Bevor ich mich das erste Mal an die Königsdisziplin des Langstreckenlaufs gewagt habe, hatte ich nur ein Ziel.

Ich wollte den Marathon in unter 4 Stunden laufen.

Den Trainingsplan für meinen ersten Marathon hatte ich mir aus dem Internet geladen.

Doch je ambitionierter ich wurde, desto individueller sollte auch mein Training sein.

Ich wollte keine 0815-Pläne aus dem Internet.

Ich wollte einen Plan, der voll und ganz auf mich abgestimmt war.

Zudem wollte ich genau wissen, welche Trainingseinheit welchen Effekt hat.

Und so entwickelte ich meine eigenen Pläne auf Grundlage von Jack Daniels'.

Doch aller Anfang ist schwer.

Sowohl in Hamburg als auch in Köln blieb ich über meinen gesetzten Zielzeiten von 3:40 und 3:30 Stunden.

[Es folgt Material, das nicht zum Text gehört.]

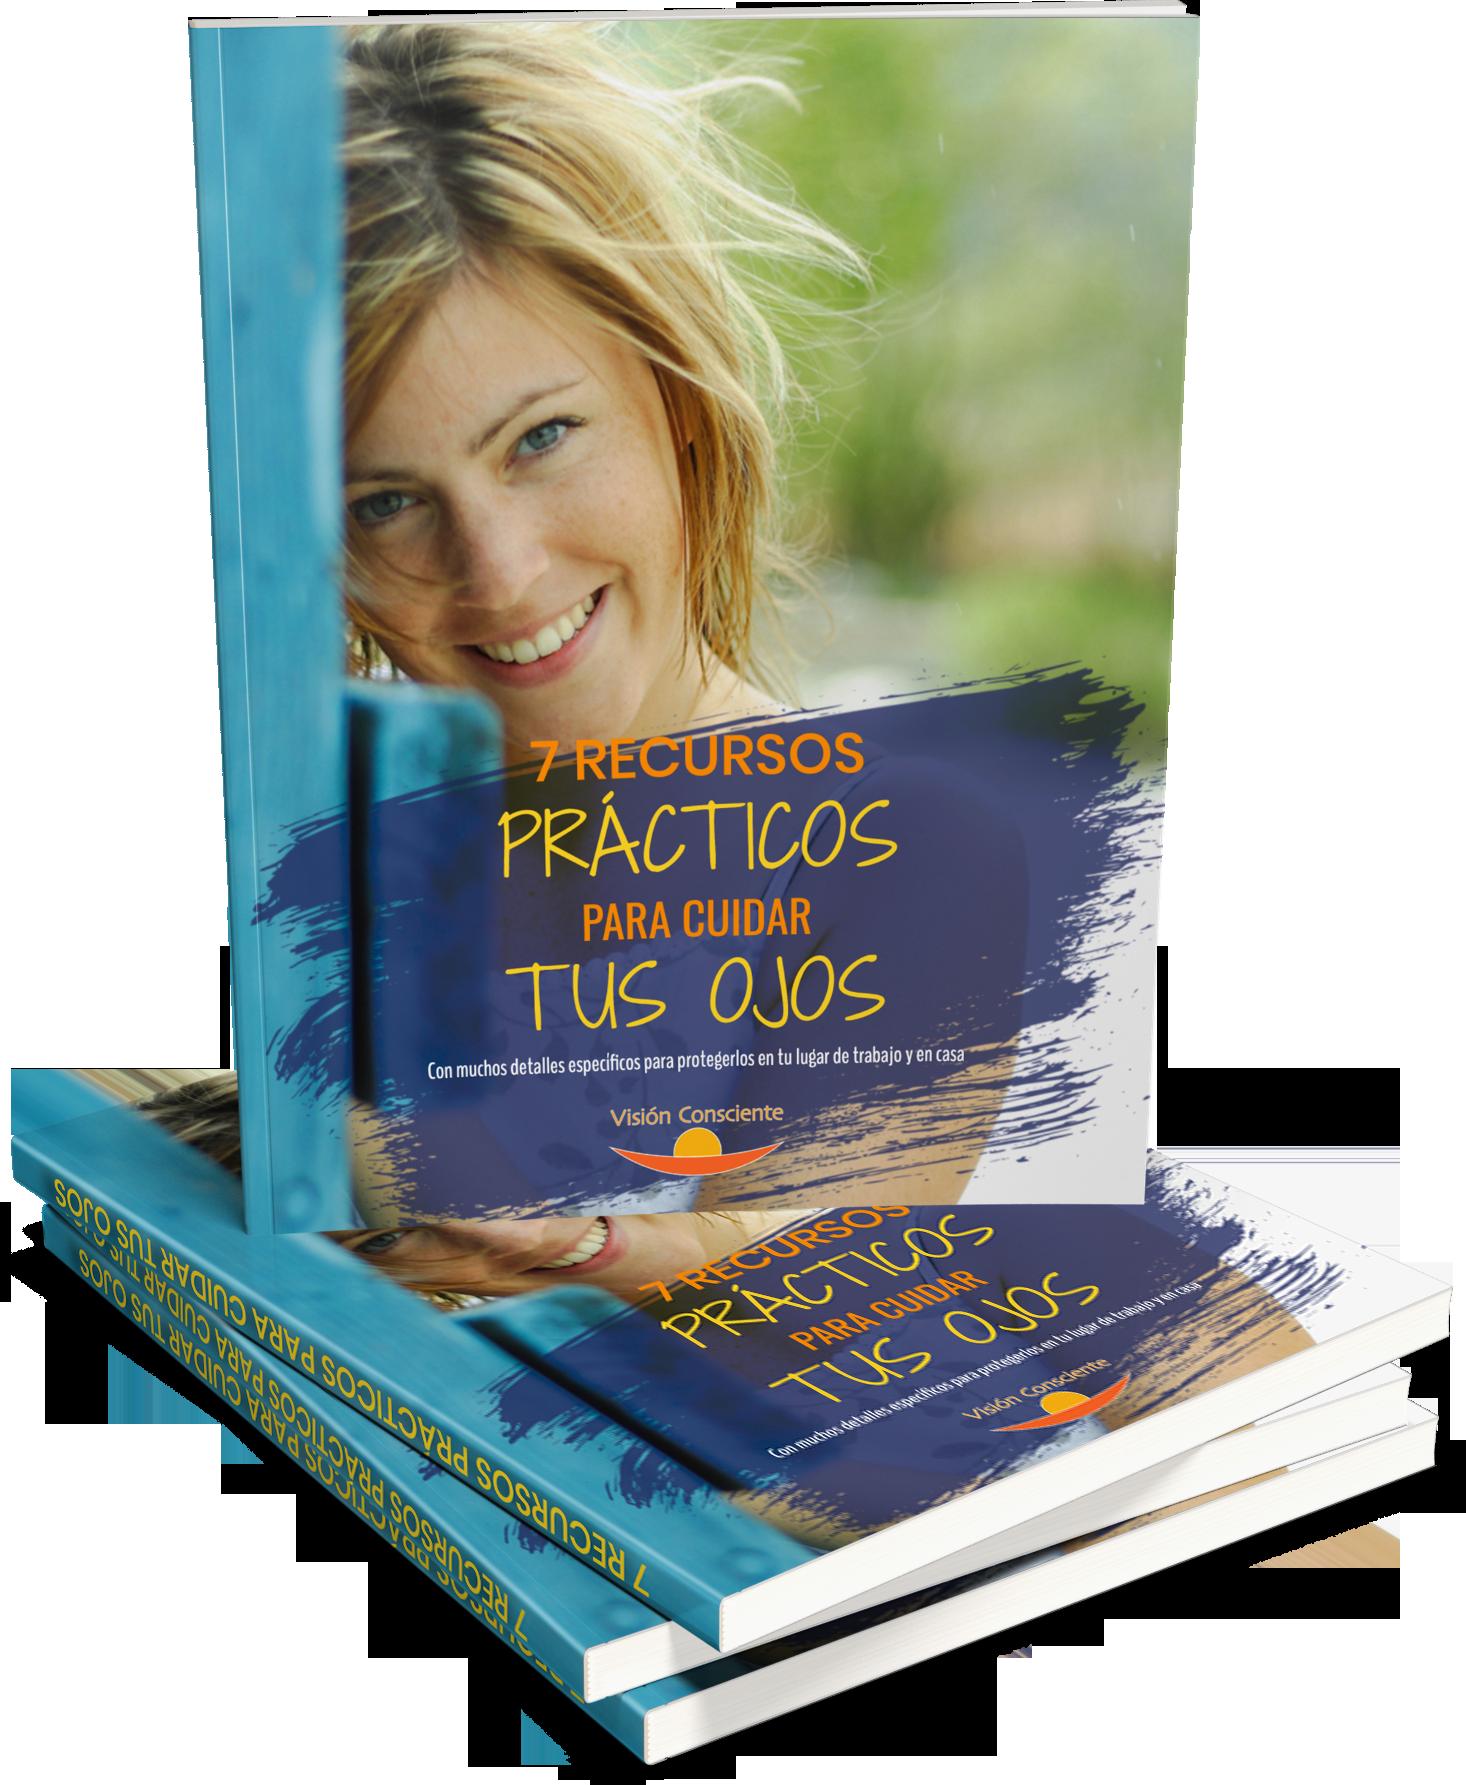 7 Consejos practicos para cuidar tus ojos 3d

Das Selbst-Coaching funktionierte also eher schlecht als recht.

Erst ein Jahr später lief ich unter meiner anvisierten Zielzeit von 3:15 Stunden.

Ein hartes Stück Arbeit.

Allerdings wusste ich auch, dass die Sub3 machbar war.

Statt mich jedoch selbst zu trainieren, ließ ich meine Pläne von einem promovierten Sportwissenschaftler entwickeln.

Und so begann #Breaking3.

Die Trainingswochen im Überblick

#Breaking3 - Woche 1: Endlich wieder Intervalle!

#Breaking3 - Woche 2: Der Weg zum Early Bird

#Breaking3 - Woche 3: Superkompensation und Erholung

#Breaking3 - Woche 4: Marathon-Training braucht viel Zeit

#Breaking3 - Woche 5: Blackroll gegen harte Waden

#Breaking3 - Woche 6: Die 5 besten Tipps für das Laufen im Winter

#Breaking3 - Woche 7: Intensität vs. Volumen

#Breaking3 - Woche 8: Reisen und Laufen

#Breaking3 – Woche 9: Aktive Regeneration

#Breaking3 - Woche 10: Nahrungsergänzungsmittel für Läufer

#Breaking3 - Woche 11: Verletzungen vermeiden

#Breaking3 - Woche 12: Endbeschleunigung oder Marathon-Tempo-Läufe

#Breaking3 - Woche 13: Verpflegung im Wettkampf

#Breaking3 - Woche 14: RunnersFinest Podcast

#Breaking3 - Woche 15: Laufen trotz Erkältung

#Breaking3 – DNF

#Breaking3 – Berlin Marathon 2018

Solo-Marathon – Unsupported Sub3h Marathon

Geistige Auszeit

Vor vier Jahren hatte ich #Breaking3 ins Leben gerufen.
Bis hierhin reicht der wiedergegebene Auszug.